Editor’s Note: This article first appeared in The Current, Jellyfish’s LinkedIn newsletter. You can subscribe for monthly updates and articles like this one here.
“I’m at Stanford and I research software engineering productivity. We have data on the performance of >50k engineers from 100s of companies… Our research shows: ~9.5% of software engineers do virtually nothing: Ghost Engineers (0.1x-ers)”
That was the hot take posted by Yegor Denisov-Blanch last month. The claim was inspired by an earlier tweet from Deedy Das, a principal at Menlo Ventures, which asserts that there are “so many software engineers” who “make ~2 code changes a month and work <5 hours/week.”
Yegor Denisov-Blanch is one of the paper’s authors. The research, which isn’t peer reviewed, aims to build a model that can automatically rate code based on a number of dimensions including time required to produce, quality, maintainability, and other attributes. The researchers built the model using a small dataset: 70 commits of Java source code by 18 engineers, and trained the model to automatically grade those 70 commits similar to how a recruited panel of Java experts did.
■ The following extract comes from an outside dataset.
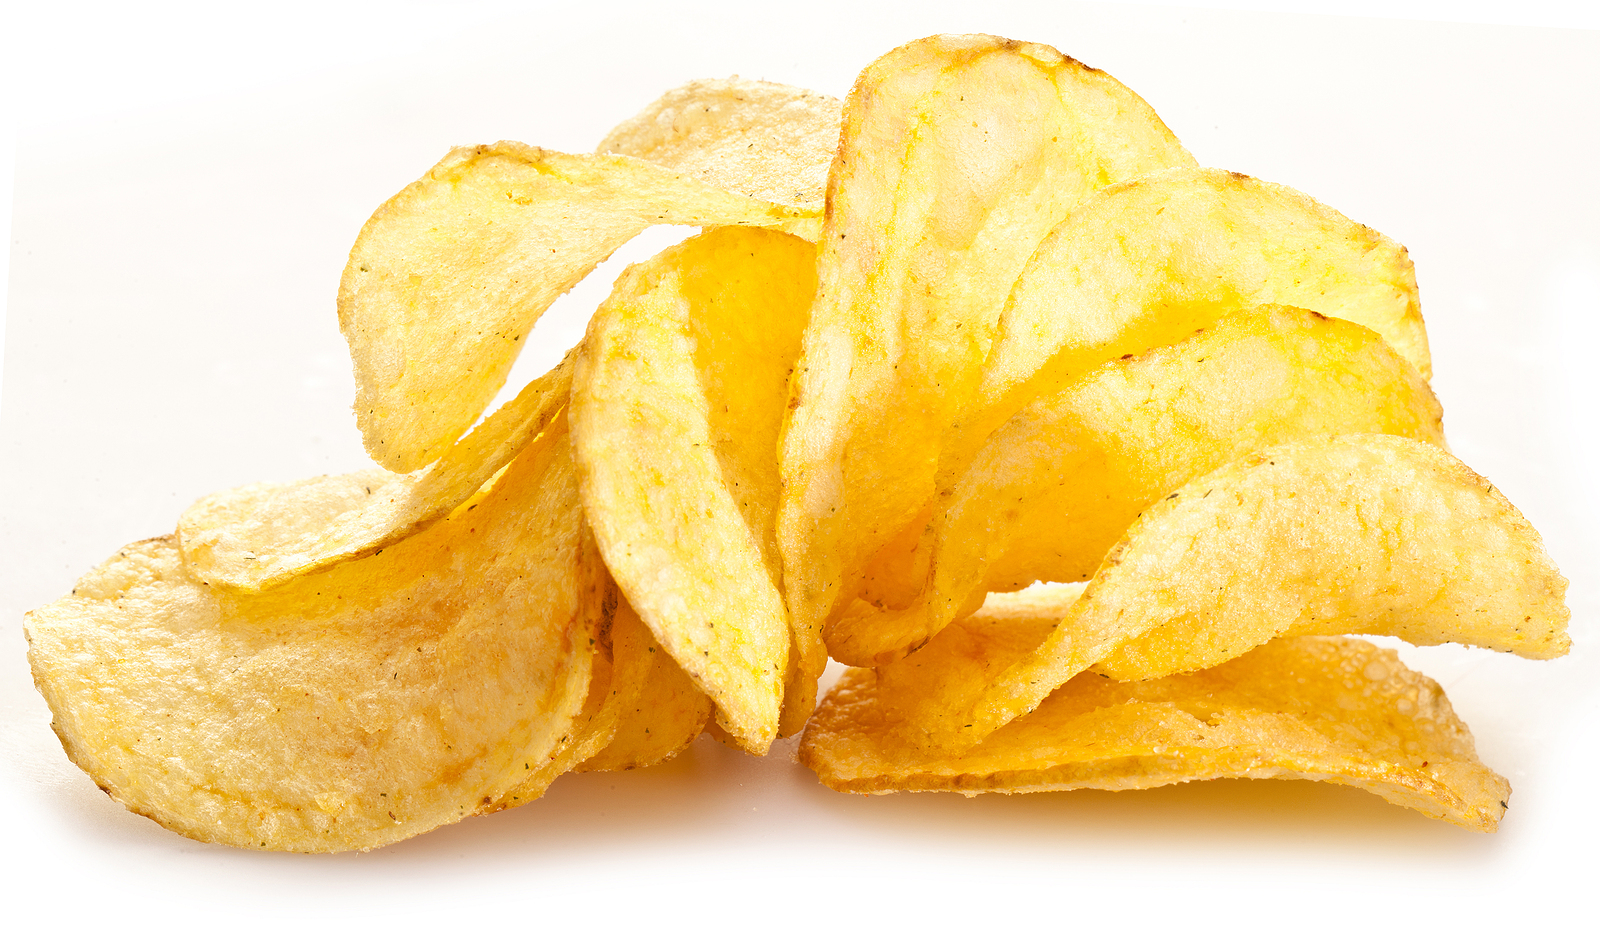 Potato chips, bag of chips Ro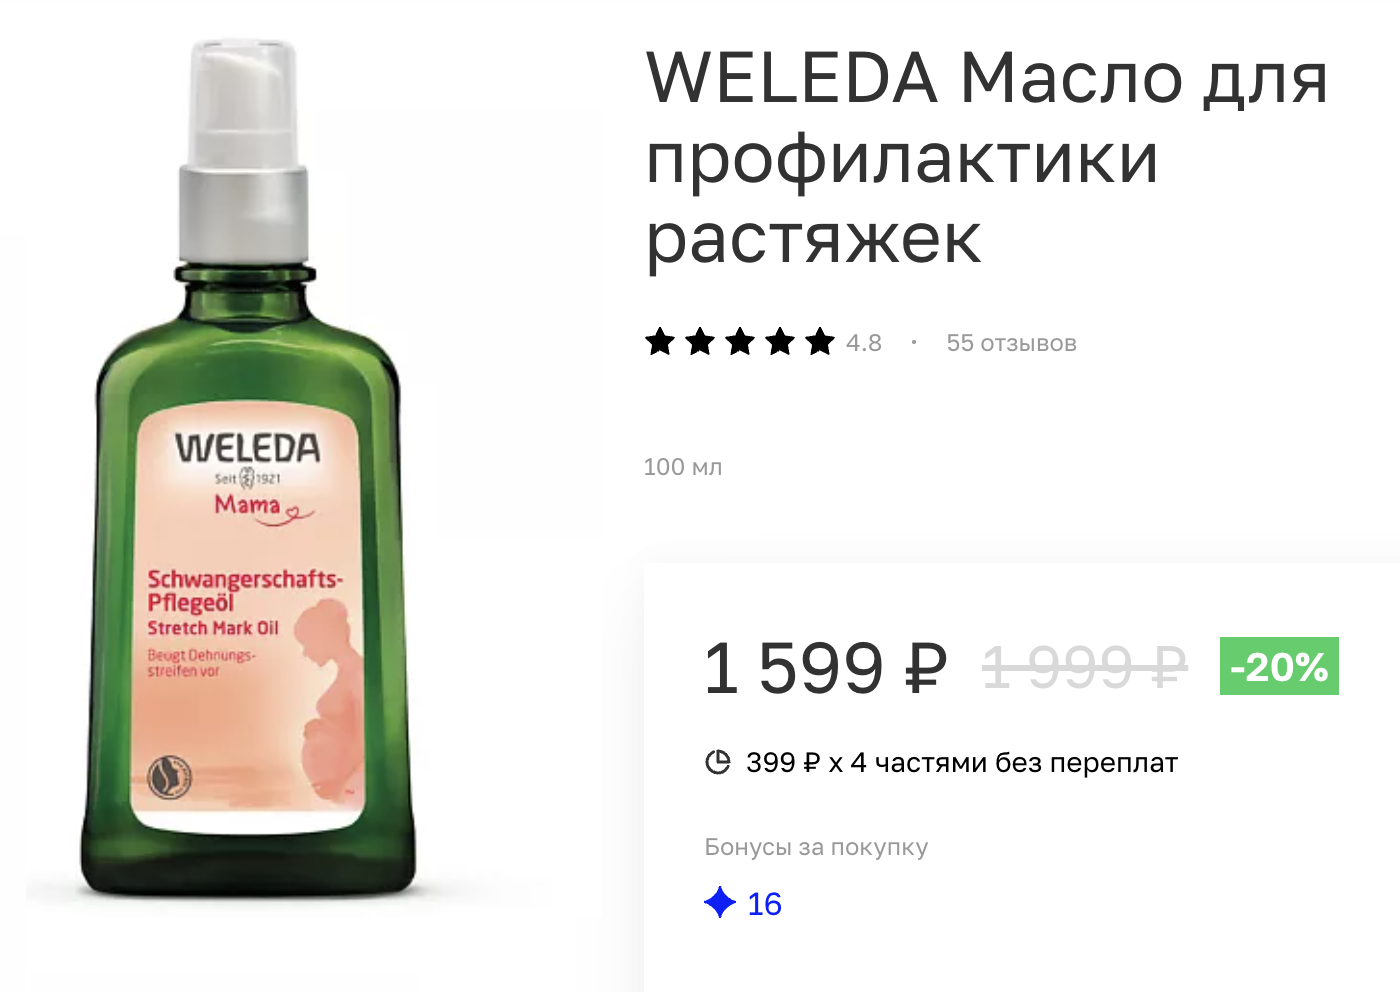 Масло для профилактики растяжек я покупала на маркетплейсах, где оно было дешевле. Источник: letu.ru

The model achieved correlations as high as 0.86 on dimensions such as “time required to produce the Java commit” and correlations as low as 0.30 on dimensions such as “code maintainability.” They noted that a larger dataset – 1.73 million commits from 50,935 engineers – was used to guide the research, but apparently not to train the model itself. Neither the paper nor the researcher’s tweet describe a methodology, but the researcher concludes that roughly 4,800 of those 50,935 engineers (9.5%) have the performance of “<0.1x median engineer.”
That’s a big claim with big implications for engineering organizations. It’s also wrong – here’s why.
Flawed claims and flawed data
Jellyfish has worked with thousands of software teams over the years, and we’ve learned a lot about the benefits and perils of measuring system data like commits.
- Never assume you’re seeing the total picture of a developer’s efforts. There are often other repos that are outside the scope of your access, and multiple accounts can express the actions of a single person (for example due to inconsistent git –config). Pair programming can also make it look like the work of a pair is coming from just one developer.
- Commit patterns vary based on the role of the individual. Many devs grow into hybrid “player/coach” roles – jobs whose primary responsibilities aren’t about making commits every day. These folks are involved in designing and configuring architecture and infrastructure or leading and mentoring teams. These engineers often stay connected by doing a few commits every once in a while, but it would be foolish to make assertions about their value based on that one metric alone.
- Commit cadences vary widely by individual style and also by the nature of the work. Some folks ship multiple PRs per day, often with multiple commits per PR. Other folks work on longer running tasks, and may make just a single commit at the end of the week or sprint. Still others may be squashing commits on the branch in order to yield a cleaner changeset. All these phenomena can yield commit shapes that are not representative or indicative of time spent coding.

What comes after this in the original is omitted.